By the age of 12 or 13, Turner was aware of his talent. He learned how to look by observing in Covent Garden market, the Long Acre carriage works, the colour grinders, print shops and life of the street. The River Thames gave him the opportunity to study boats and ships at work. He also learned about picture-making by copying engravings and the work of established artists including Edward Dayes, Michael Angelo Rooker and Paul Sandby.

“When I was a boy I used to lie for hours on my back watching the skies, and then go home and paint them; and there was a stall in Soho Bazaar where they sold drawing materials, and they used to buy my skies. They gave me 1s 6d for the small ones and 3s 6d for the larger ones. There’s many a young lady who’s got my sky to her drawing.”

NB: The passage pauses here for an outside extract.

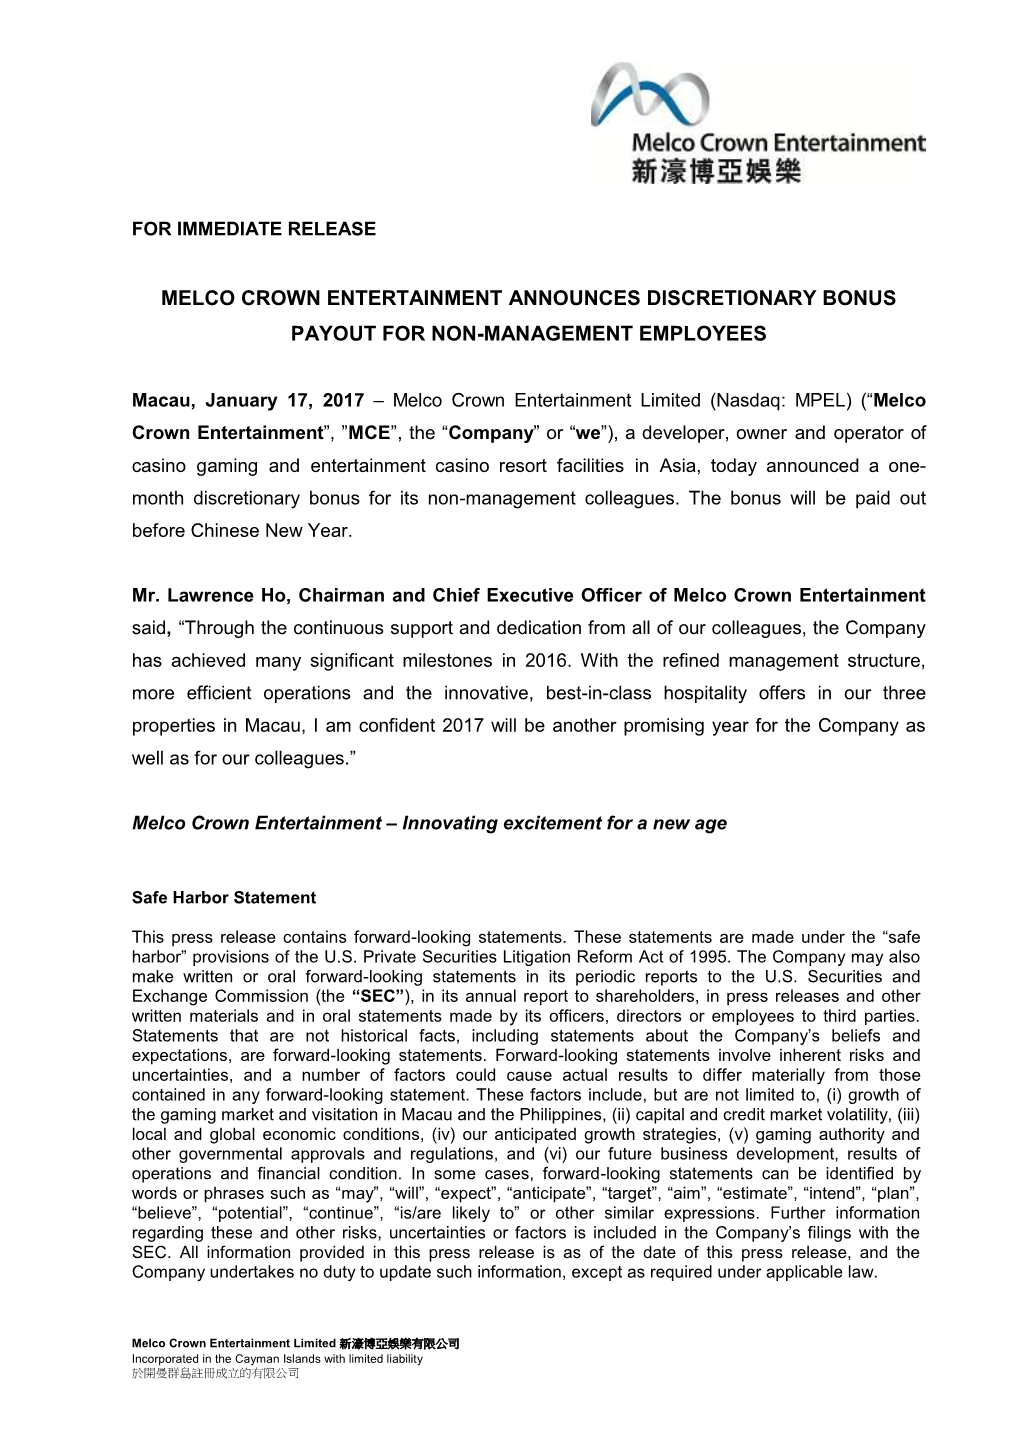 Melco Crown Entertainment Announces Discretionary Bonus Payout for Non-Management Employees

Finding Turner Art for Guernsey

At the age of just 14, Turner was admitted to the Royal Academy Schools after training with architect Thomas Hardwick and draughtsman Thomas Malton Jr. He would be associated with the Royal Academy for the rest of his life and gave many lectures. Over 60 years Turner travelled thousands of miles across Great Britain and Europe to sketch landscapes, and he was especially drawn to coasts. Getting around wasn’t easy at that time, and it often wasn’t possible to get to Europe because the Napoleonic Wars were going on.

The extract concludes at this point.